Most young people take on debt early on because it’s been normalised in society, plus it’s an easy route. The student loan borrowing process is as simple as an online application. If a student gets approved, they automatically receive upwards of $40,000. It’s also as easy to sign up for a credit card, especially with every bank trying to compete for the interests of consumers, through elaborate discounts, offers, and prizes.

The average debt of millennials has skyrocketed in the past five years. In 2015, the average millennial had $49,722 in total debt and today they have around $78,396 in total debt, which is up 58%. Debt tends to snowball because of the increased expenses that one naturally incurs with age, as well as the interest rates.

There hasn’t been a simple way to solve this debt problem at scale. This problem is what Royi Markowitz, founder of hyve, has been trying to tackle in the past year.

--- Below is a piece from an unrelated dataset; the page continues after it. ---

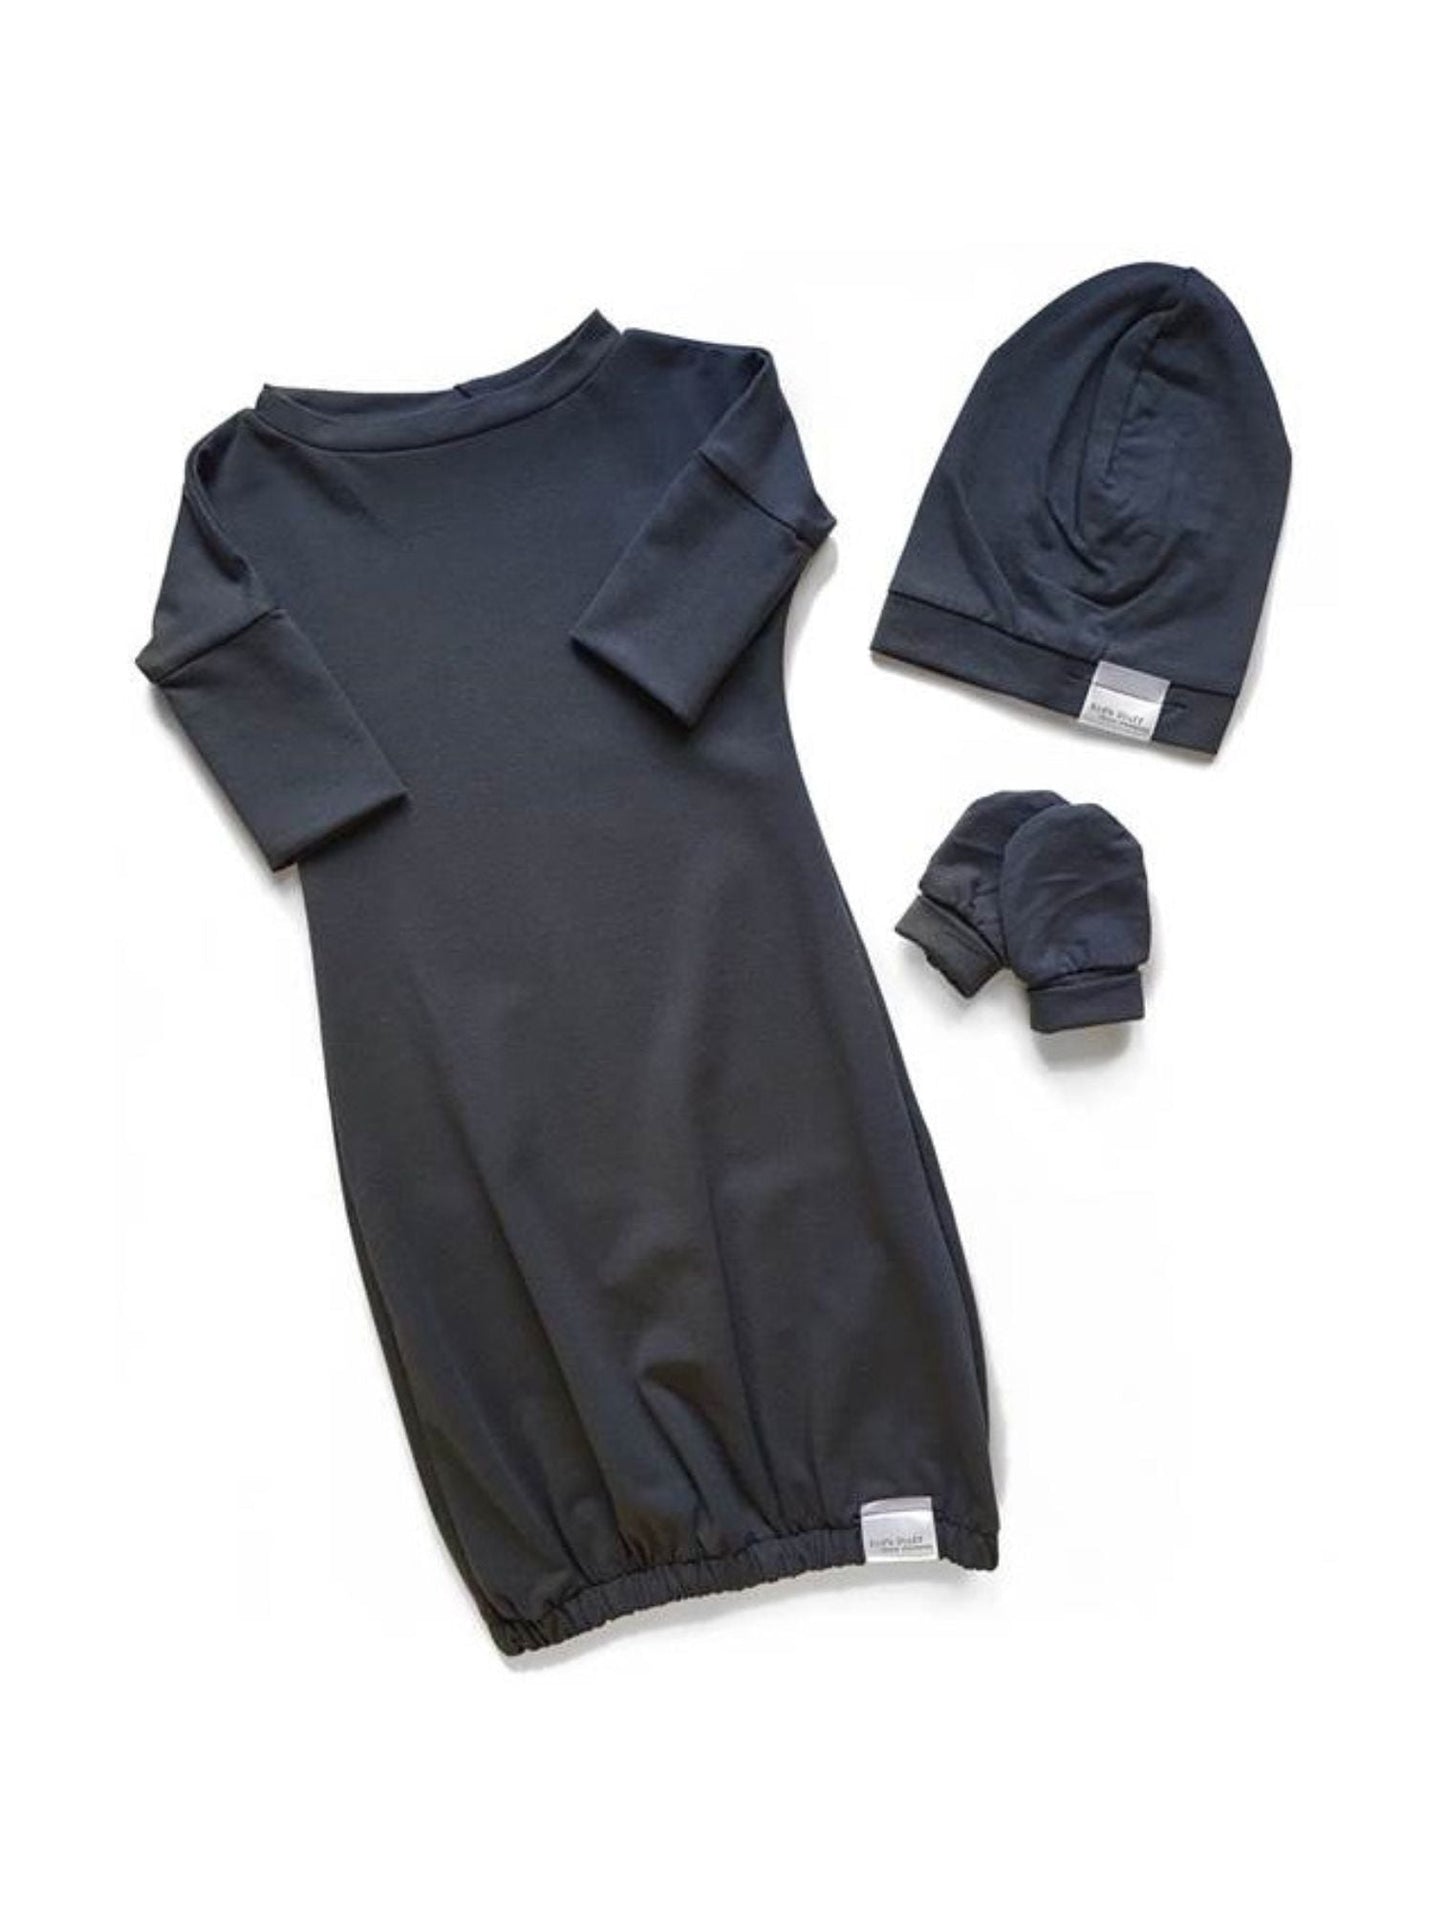 Newborn Set Gown | Dark Grey

Based in the booming startup sector of Israel, Royi founded and sold another Fintech venture before starting hyve. Since then, the hyve team has been working closely with individuals in their target market to create a fintech product that will help the average student, young professional, or new parent achieve financial freedom. The four core features of hyve are: Saving, investing, credit, and the network. 

In this interview, we went into depth on Royi’s thoughts on debt, the democratization of financial education, and how he thinks Fintech will change the financial futures of this generation.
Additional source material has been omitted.